→ **WHAT IS EXPECTED**
The lines below, from the one containing "Tennis ATP Challenger" through the one containing "Goldwell Dualsenses Rich", should be set down exactly, with no pictures and nothing else.

→ **INPUT**
★ ★ ★ ★

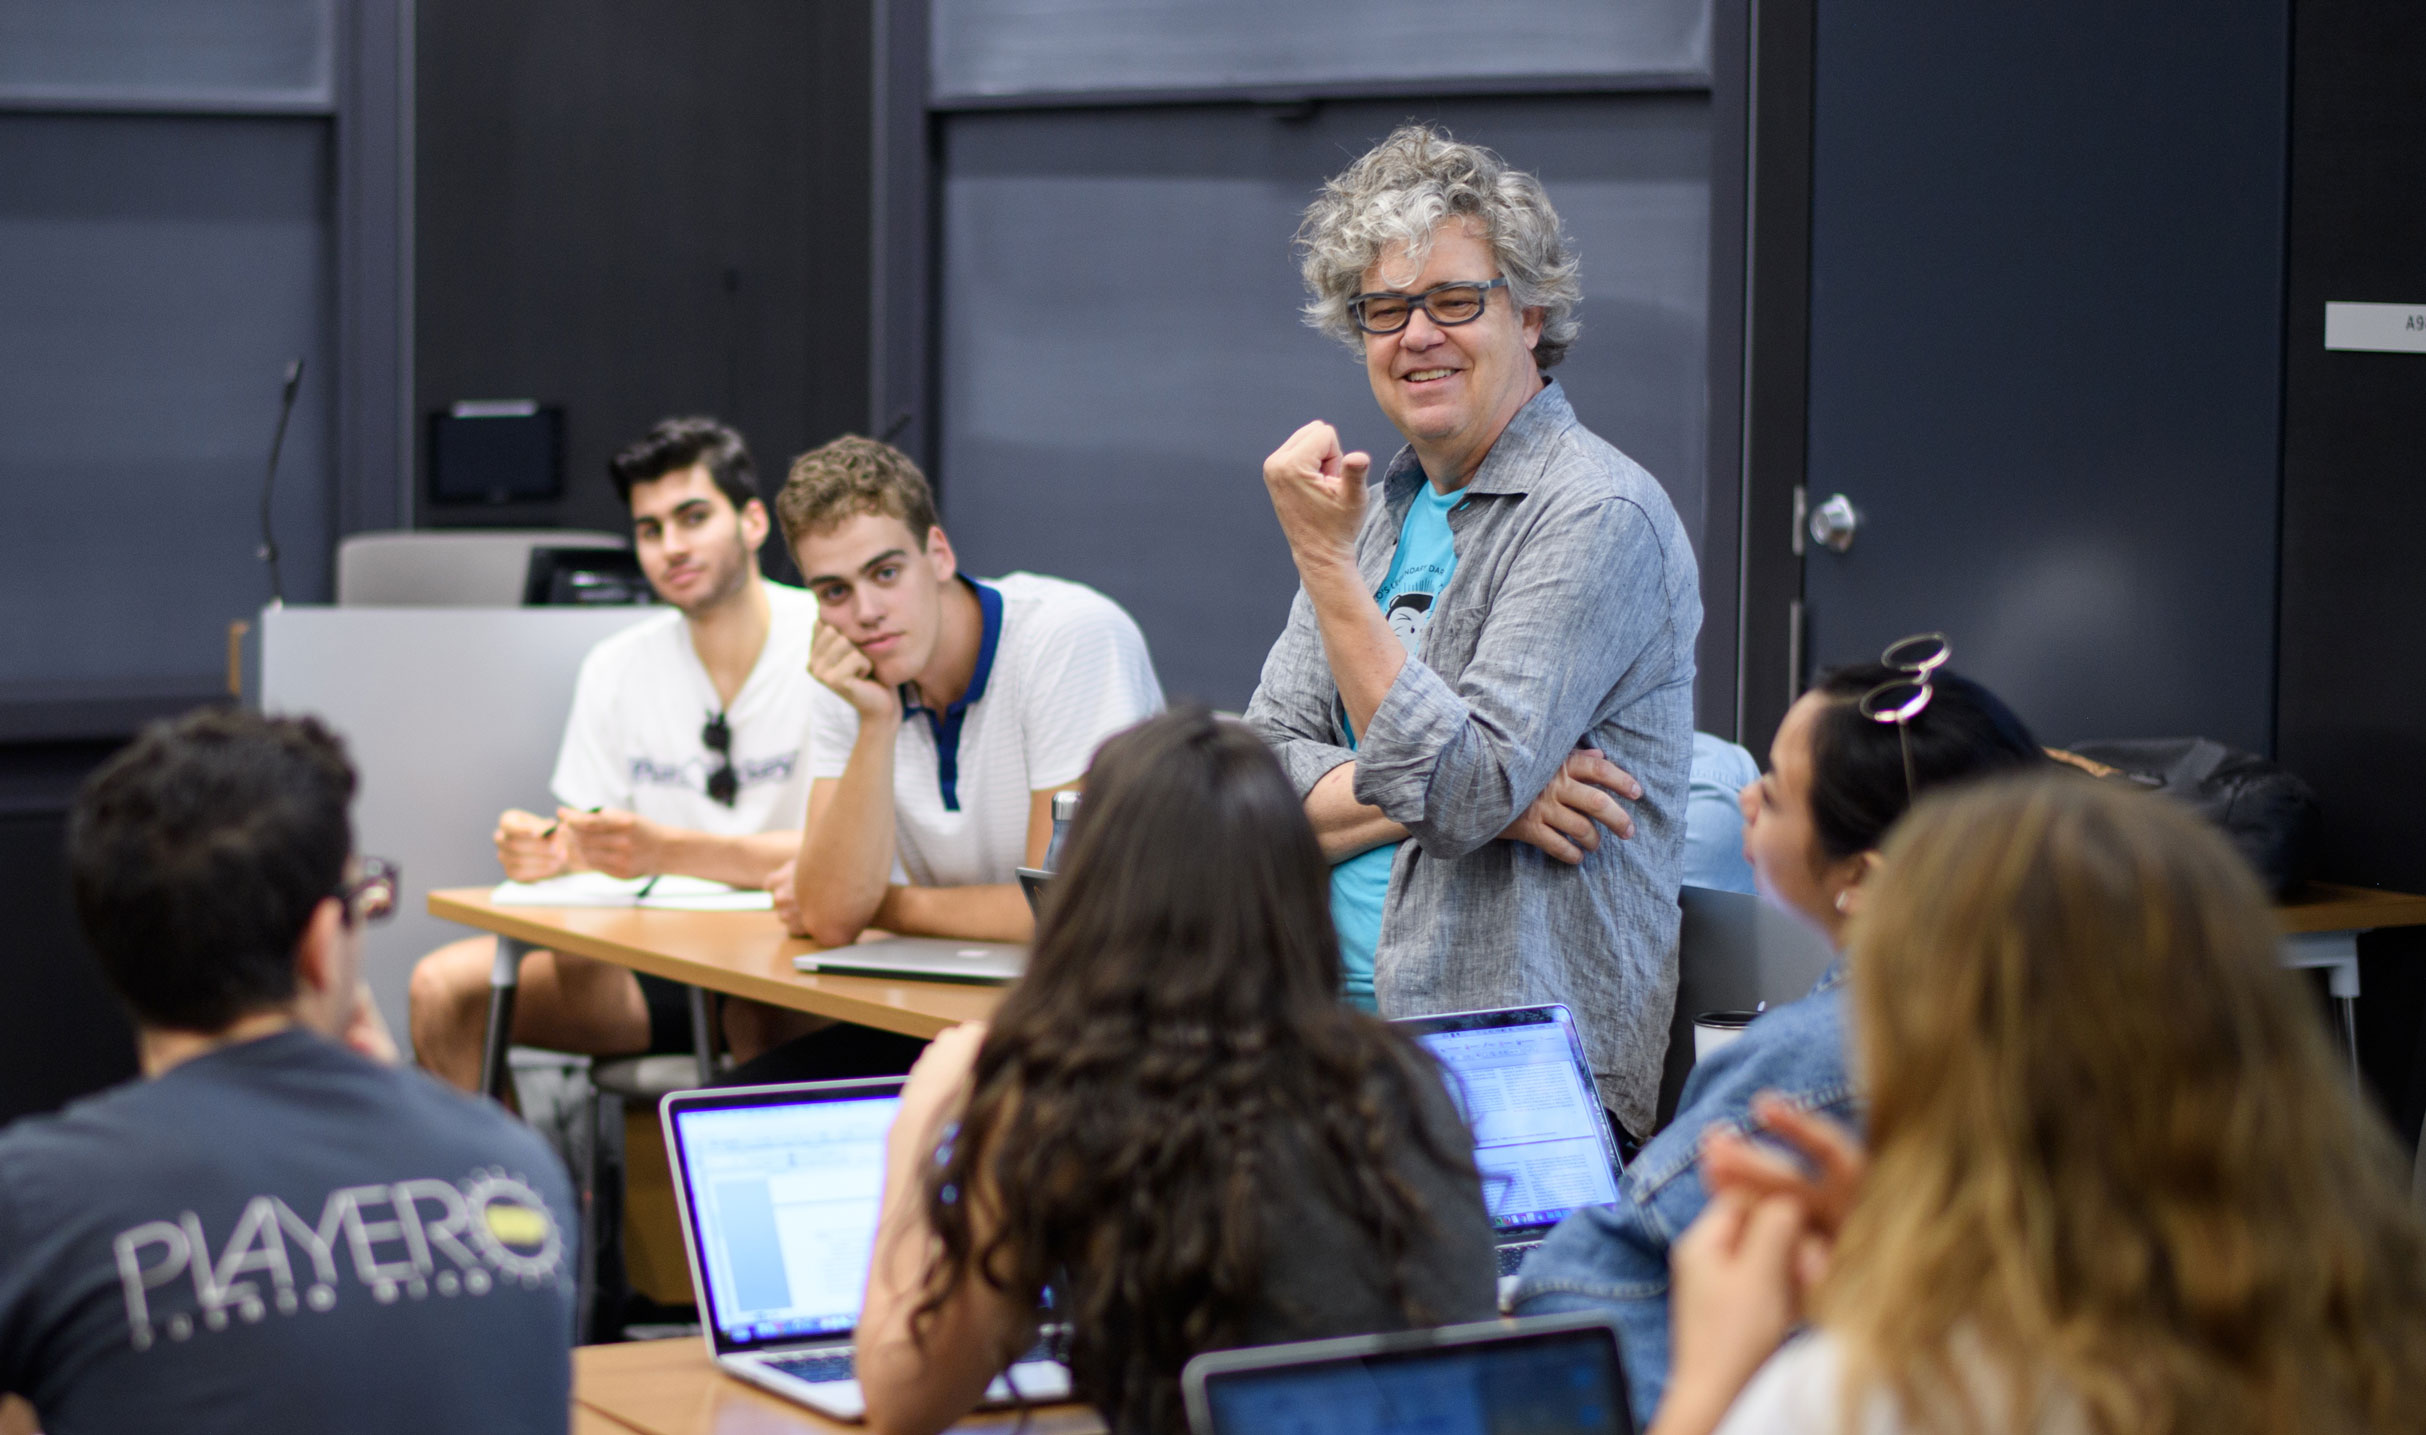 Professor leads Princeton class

★ ★ ★ ★

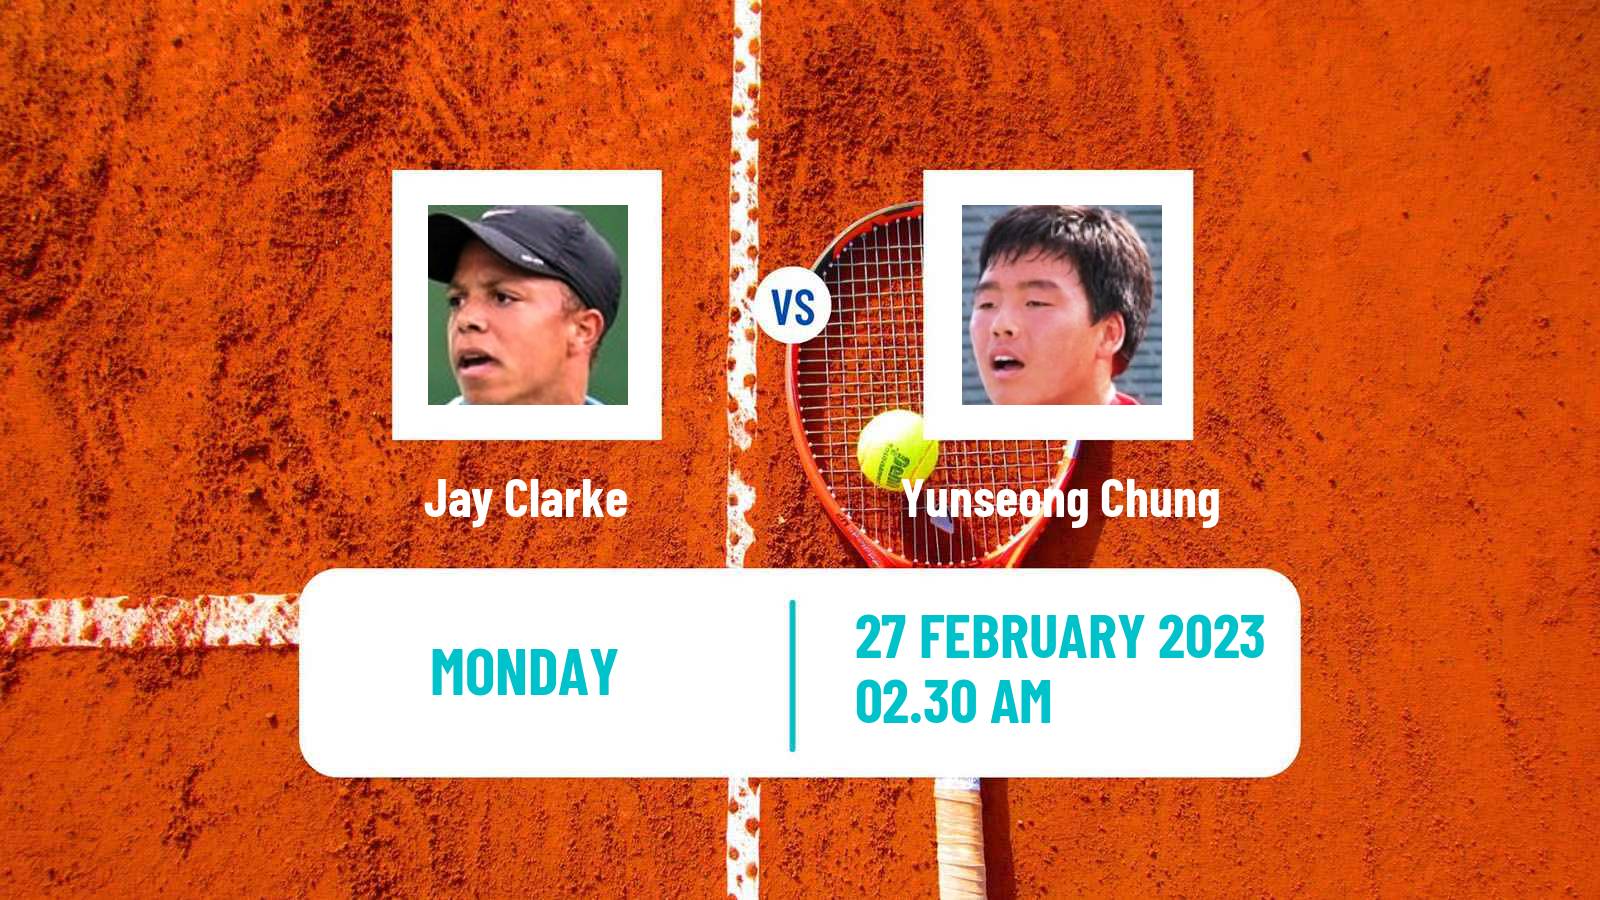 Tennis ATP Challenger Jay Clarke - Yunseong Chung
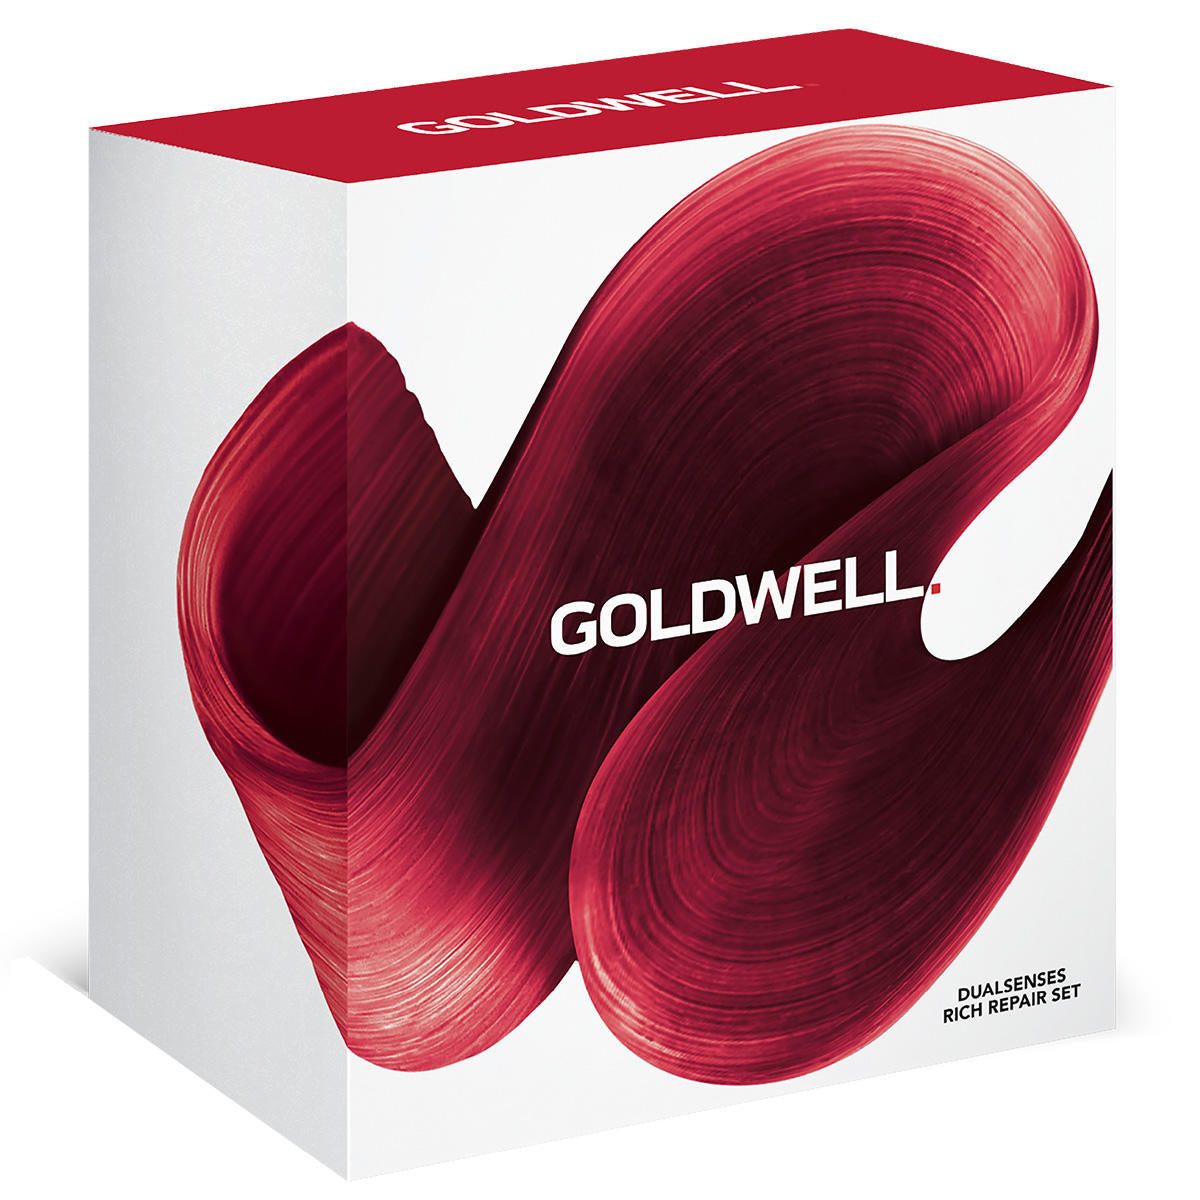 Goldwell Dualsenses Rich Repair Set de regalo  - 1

★ ★ ★ ★

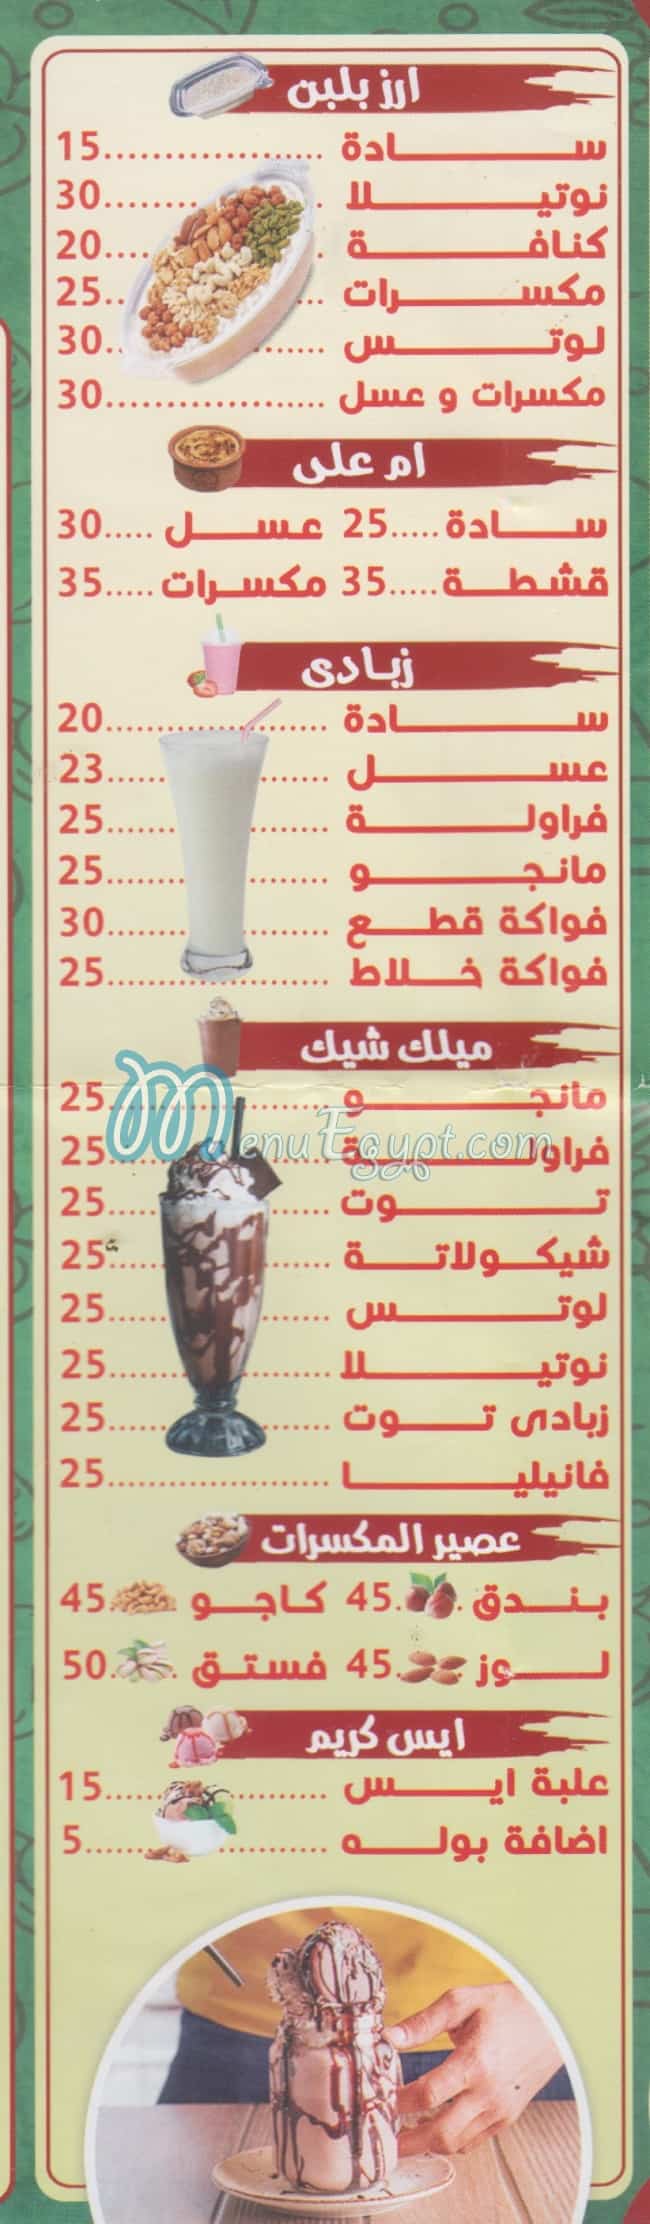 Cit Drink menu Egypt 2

★ ★ ★ ★

→ **OUTPUT**
 Tennis ATP Challenger Jay Clarke - Yunseong Chung
 Goldwell Dualsenses Rich Repair Set de regalo  - 1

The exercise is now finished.